Health Financing in sub-Saharan Africa

An important issue that came up repeatedly throughout the workshop was how the epidemiological transition will affect health-financing systems and attempts to achieve universal coverage. Riko Elovainio presented a conceptual framework for addressing this question, based on the World Health Report 2010: Health Systems Financing: The Path to Universal Coverage (World Health Organization, 2010), which outlines the types of health-financing levers available to policy makers in three broad areas: raising funds for health, reducing financial barriers to access through prepayment, and pooling of resources (spreading the financial risks of paying for care across the population) and efficiency.

In 2009 low-income countries around the world spent an average of 6.1 percent of their gross domestic products (GDPs) on health in 2009, lower-middle-income countries spent 6.2 percent, and upper-middle-income countries spent 7.0 percent. The region of sub-Saharan Africa spent 6.1 percent of its total GDP on health, far less than the 9.5 percent of GDP that the countries of the OECD spend on health.

In terms of U.S. dollars, low-income countries spent $25 per person on health in 2009 versus the more than $4,600 per person spent in high-income countries. In the Africa region of the World Health Organization (which includes all countries of Africa, not just the low-income countries), per capita health spending was $83, less than 2 percent of the average spending in high-income countries.

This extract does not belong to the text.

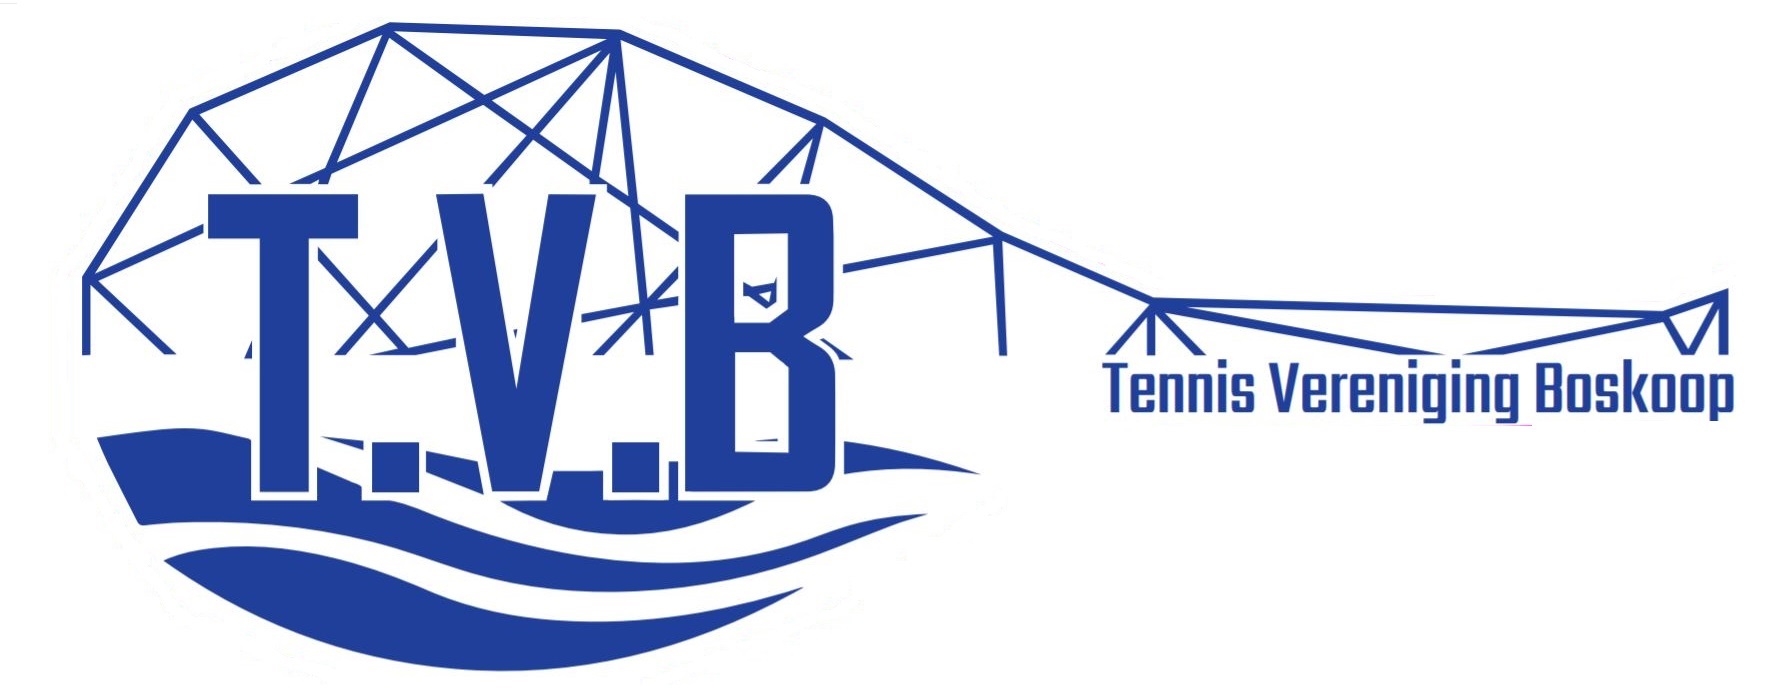 Profile image of venue Tennis Vereniging Boskoop
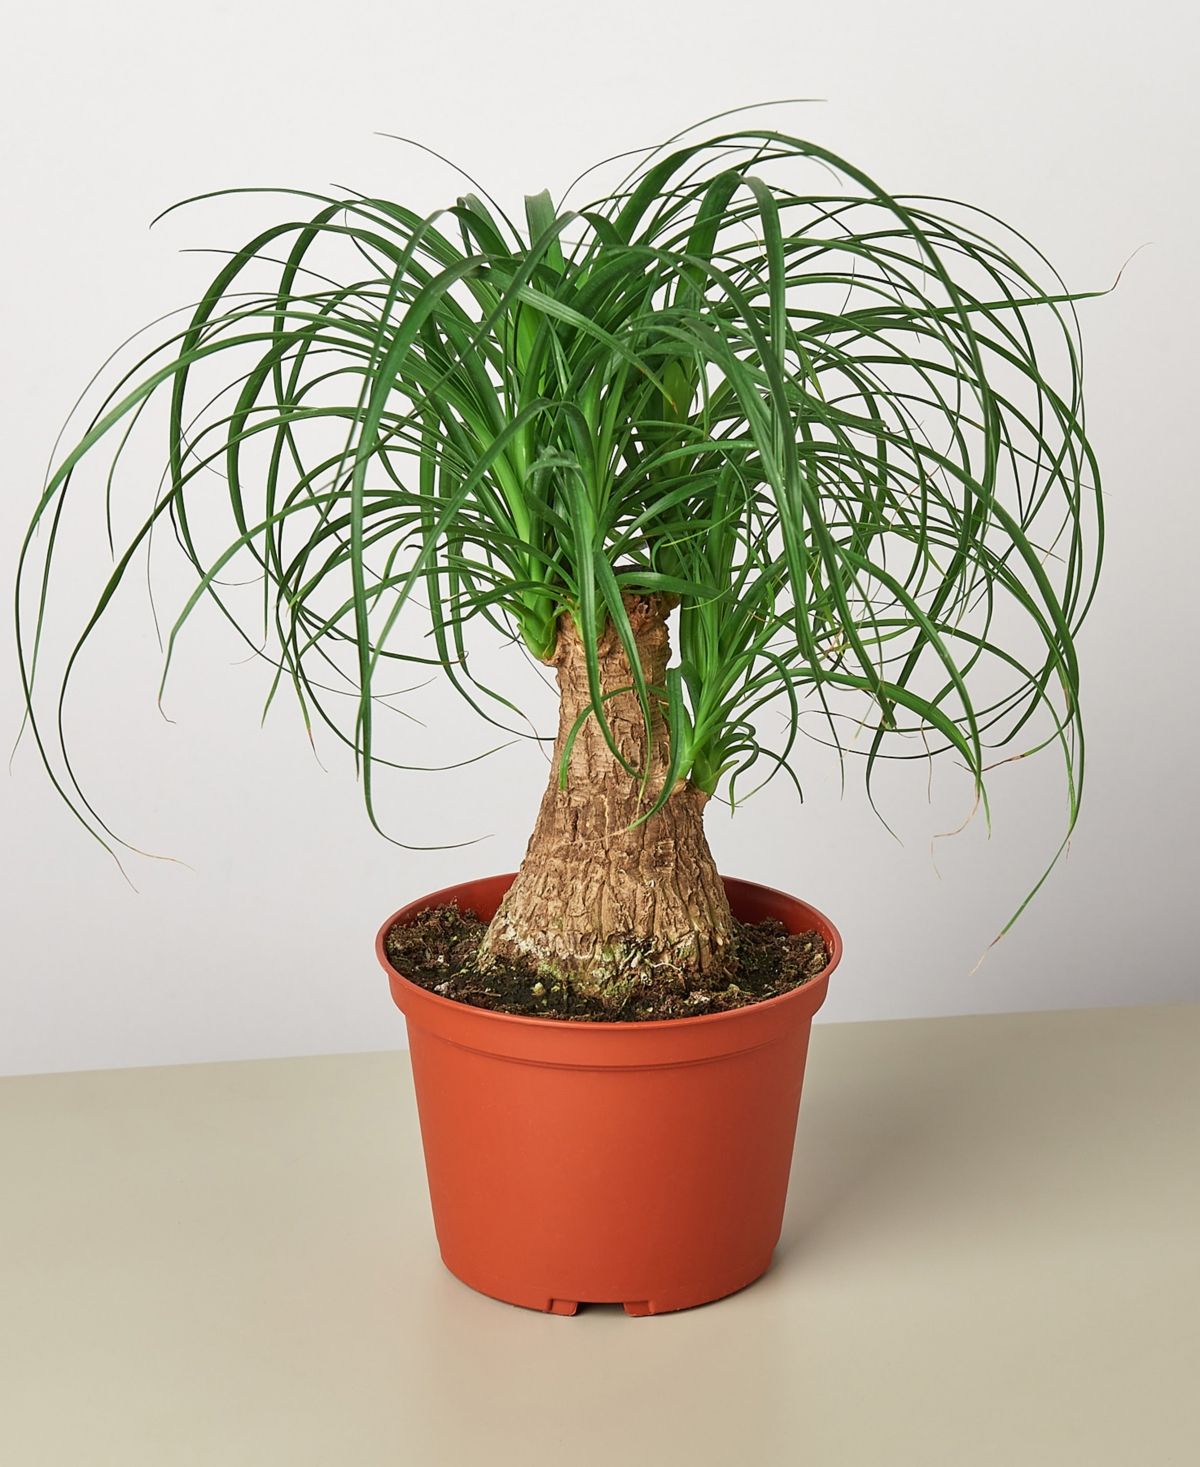 Palm 'Ponytail' Live Plant, 6" Pot | Macys (US)

Elovainio commented that economic growth will facilitate additional spending on health in the low-income countries. The International Monetary Fund projects that, beginning in 2012, economic growth across the whole of sub-Saharan Africa should average 5 percent per year, which corresponds to a per capita GDP growth rate of around 3.5 percent per year (International Monetary Fund, 2011). This suggests that even if health receives the same share of GDP as it does now, health expenditures will grow, but it is likely that health spending will receive an increasing share of GDP and thus grow at an even greater rate.

All of the countries of sub-Saharan Africa have ways in which they can raise more funds domestically for health spending if they chose to do so. The pressure to find new funding sources is especially high in countries in which large informal economic sectors make it difficult to collect revenues, either in the form of taxes or in the form of health insurance contributions. This situation is often accompanied by tax collection systems that are inefficient and inequitable. Wage-based deductions are generally the easiest to administer and collect, and thus they offer the greatest potential for achieving an equitable system in which people earning more would pay more. However, in those low-income countries in which a relatively low (although usually growing) percentage of the workforce has formal paid employment, other options also need to be pursued. These other options might include “sin taxes,” that is, taxes on harmful products such as alcohol

Suggested Citation:"6 Health Financing in sub-Saharan Africa." National Research Council. 2012. The Continuing Epidemiological Transition in Sub-Saharan Africa: A Workshop Summary. Washington, DC: The National Academies Press. doi: 10.17226/13533.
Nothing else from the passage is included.